For now, sentence review remains ad hoc. But demands from citizens and leaders can help these local efforts grow into a national movement. Cutting down excessive sentences will not, on its own, solve the crisis of mass incarceration or bring our prison population in line with the rest of the world. But failing to act will ensure that the wounds caused by those sentences never heal.

Regular readers will not be surprised to know I am a big fan of this idea. Indeed, I wrote an a short article on this very topic nearly a decade ago, titled Encouraging (and Even Requiring) Prosecutors to be Second-Look Sentencers, 19 Temp. Pol. & Civ. Rts. L. Rev. 429 (2010).

August 2, 2019 at 06:23 AM | Permalink

Comments

In my experience, having watched this very concept in action, is that the cases that are brought to the attention of this essentially “super parole board” are sometimes through connections which calls into serious question the equity of the system.
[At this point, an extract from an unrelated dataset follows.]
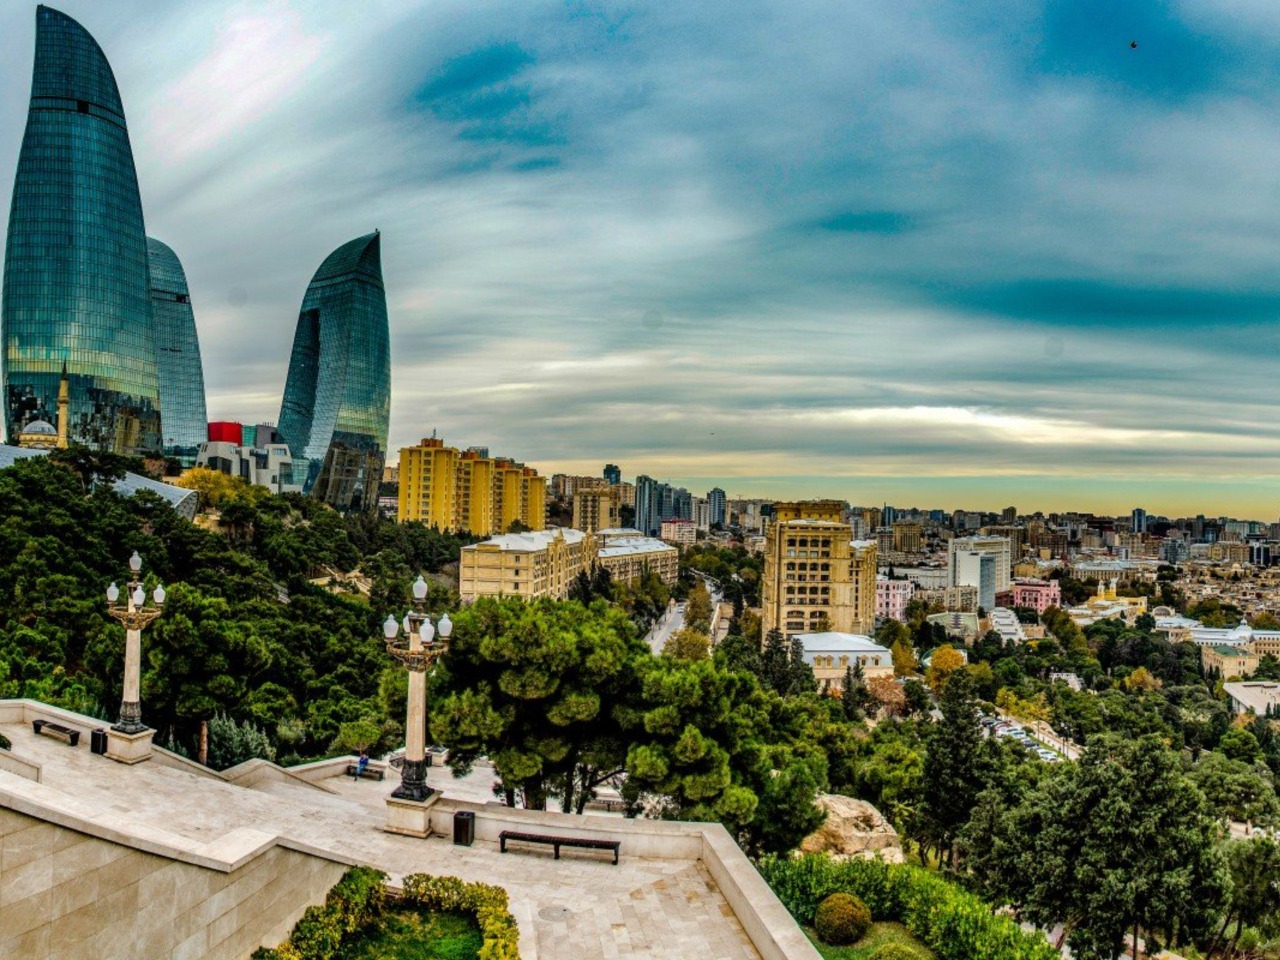 Добро пожаловать в солнечный Баку! | Цена 260€, отзывы, описание экскурсии

Additionally, the mindset that goes into these reviews is nearly exclusively a moralistic arrogance over the persons who made decisions in the past. That kind of thinking is dangerous. We should be making decisions based upon the law and fact, not perceived superiority of wisdom.
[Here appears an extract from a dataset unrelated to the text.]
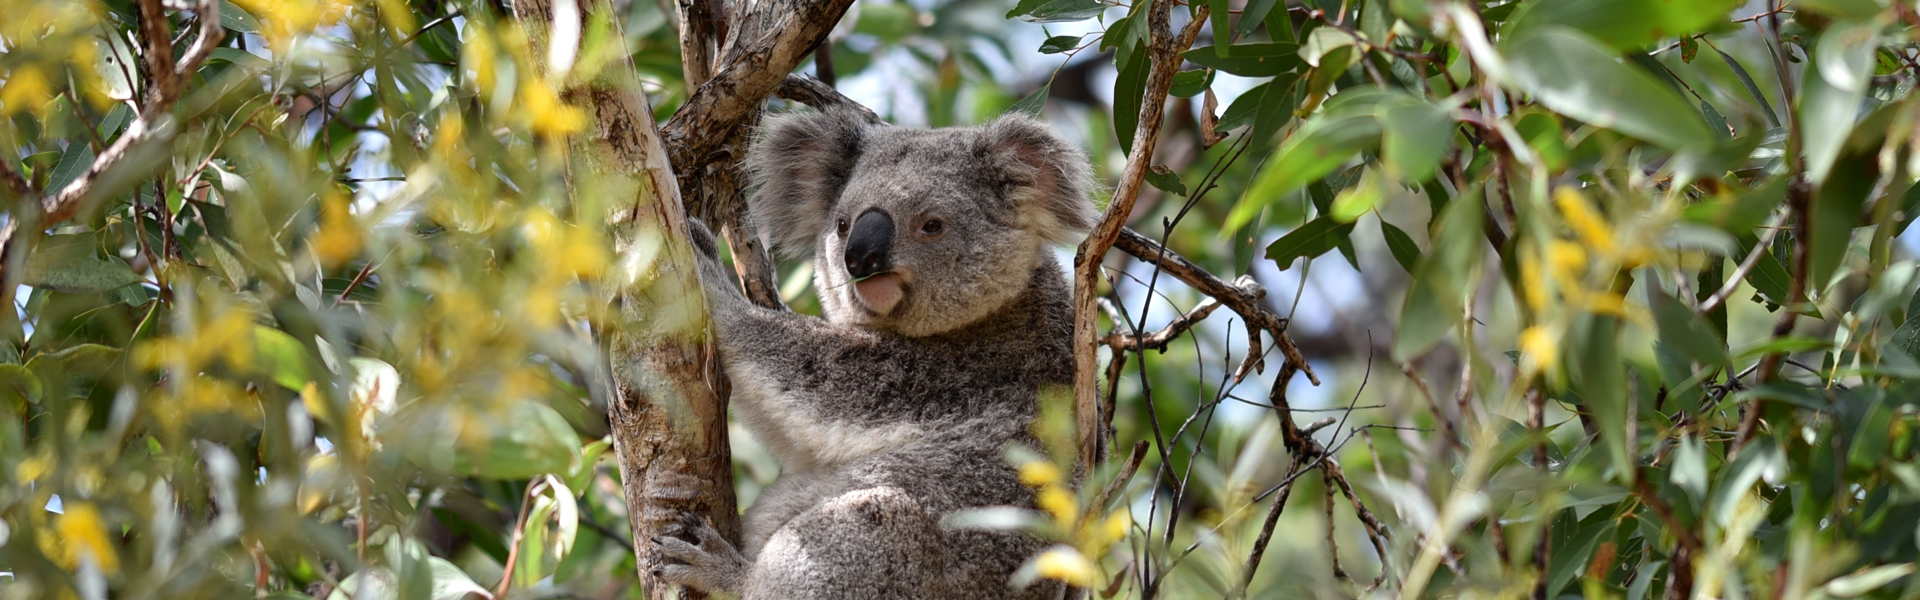 koala-1920x600

Finally, these review units feed on the good feelings that we get when we exercise mercy. Of course, the only reason (in Ca) these prosecutors have the power to exercise mercy in otherwise final cases is because they have asked the legislature for that power. It’s like printing money. Frankly, the diversion of resources from current pending cases is unwise. These decisions should be left to the parole board or clemency system, not prosecutors.
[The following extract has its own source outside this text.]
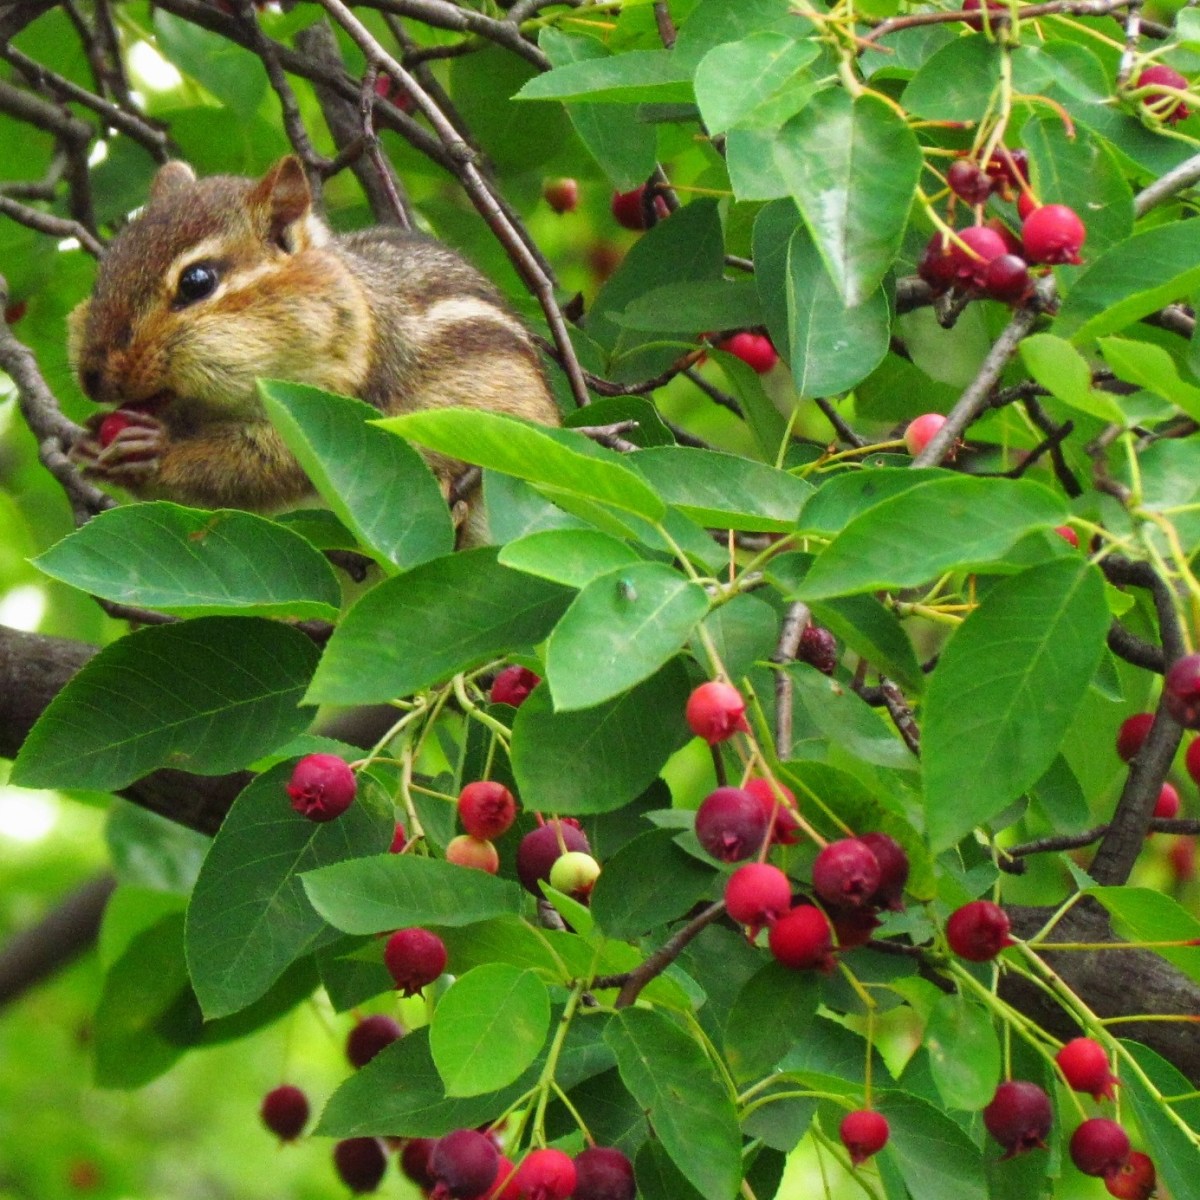 Chipmunk eating berries from tree

Posted by: Eric | Aug 2, 2019 9:45:01 AM

While I knew James when he was a law student, this proposal unfortunately is the nation-wide one-size fits all proposal (unfortunately also sometimes seen from the ABA) that ignores the different ways that states structure their criminal justice system. In many states, the role of the local prosecutor in a case ends at a certain point in the case (maybe immediately after sentencing, maybe after the initial collateral review). At that point, all control over the case shifts to the Attorney General who handles all subsequent challenges to the conviction and sentence. In those states, there is no mechanism by which the local prosecutor could change the sentence even if the local prosecutor wanted to.

Rather than assuming that the prosecutor has the power to change the sentence, the better proposal would be to have states establish a sentence review mechanism (other than the power to grant parole or the power to commute) regardless of which agency has that responsibility.

Posted by: tmm | Aug 2, 2019 10:55:02 AM

I'm sorry, what institutional incentive is there for prosecutors to open up such units? This proposal may be sensible, but highly idealistic. I wish the authors would have spent more addressing how, realistically, DA's can be incentivized to create these units.

Posted by: sacamanow | Aug 2, 2019 6:58:24 PM

One practical problem for a "sentence review unit" is that it would violatesthe state constitutional separation of powers doctrine in at least a few states: the reduction of a final sentence is equivalent to the power of commutation, and the power of commutation is reserved exclusively to the governor. See People v. Herrera, 516 P.2d 626, 629 (Colo. 1973) (collecting cases from Michigan, Mississippi, North Carolina, and Texas).

That said, there's nothing preventing district attorneys from supporting applications for clemency made by persons serving outrageous sentences. It's just that district attorneys are often elected officials, and advocating for the release of inmates is perceived as something that might hurt one's chances for reelection.

Posted by: MBC | Aug 2, 2019 6:58:45 PM

I suppose a county attorney could establish an internal sentencing review panel in order to reduce the chances of a costly appeal. I suppose they could also add external reviewers to the panel as well. Anything that will reduce the case load can help ameliorate the problem.